We'll use red arrows to indicate hard references from now on, and red boxes to indicate GC roots. The good thing here is that if A stops being a root, or a hard reference is removed then some or all of the objects can be collected.
Now, what happens when A, B, and C are C structs which have been
wrapped in Ruby objects? Well, now our hard references are just
VALUEs in the structs, and for the GC to know those are alive each
object must mark those it has references to. We'll use purple to mark
So in this situation if A stops marking B, or B stops marking C, or A ceases to be a GC root then those objects can be collected, just as they were above.
Now what happens in TruffleRuby when we use handles?
Now we have a problem. The references from A to B, and B to C are weak (they are simple handle numbers) so the handle table has to associate those with the objects they represent by keeping a strong reference.
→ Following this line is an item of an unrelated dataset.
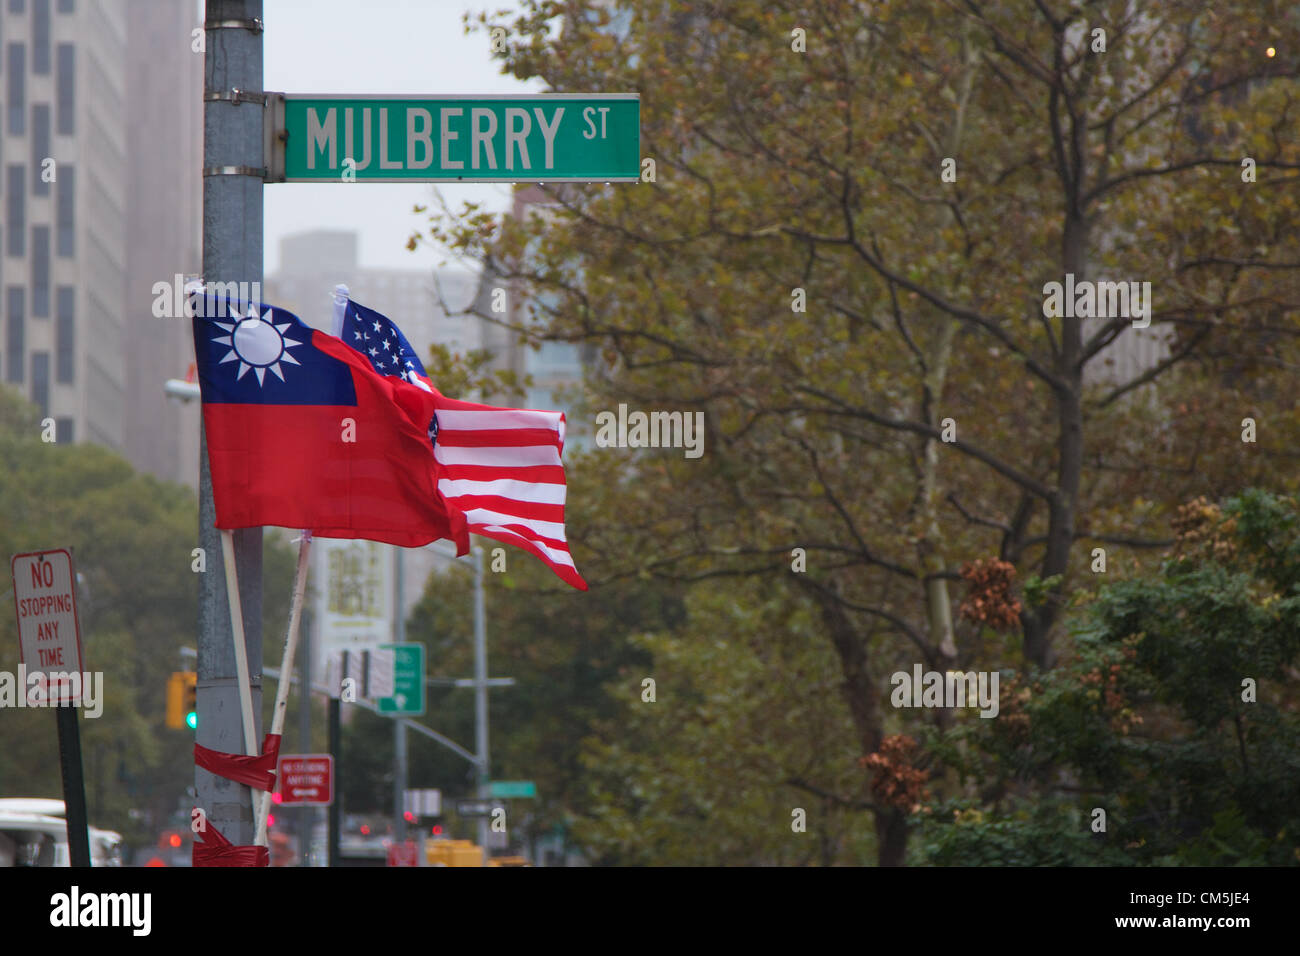 New York, NY - Ottobre 9, 2012: taiwanesi e noi le bandiere lo streaming di fianco a fianco in una celebrazione non ufficiale dei produttori taiwanesi Giornata nazionale del Mulberry Street, nell'area di Chinatown di Manhattan, New York, NY, STATI UNITI D'AMERICA, IL 9 OTTOBRE 2012 Foto Stock

For B or C to be garbage collected we would need to remove the handle pointing to them. Likewise if A ceases to be a root something needs to happen for B and C to be collected.
We might be able to do that with a finaliser for A which in turn releases the handle to B, whose finaliser can release the handle to C, but the situation may not always be so simple. Consider the following structure of objects.
This is a common sort of structure to find in tools like XML
processors such as Nokogiri. Each node has a reference to the parent
document, and to its own children. If we break the hard reference from
the GC root object to the document then it and all of its nodes can be
collected. The same is true if the nodes hold
VALUEs and mark them,
but what happens if we use handles?
Well, our diagram has certainly got messier! But it's also hard to know how we should free those objects nicely. Release the handle that Object held to Document doesn't help, because other handles exist pointing to it from the nodes, so the whole cluster remains uncollected. There doesn't seem to be a nice obvious order in which we could do it. We could solve almost any situation like this by introducing weak handles, but that requires patching each C extension, and carefully analysing how to break these cycles. To really be compatible we need a different approach.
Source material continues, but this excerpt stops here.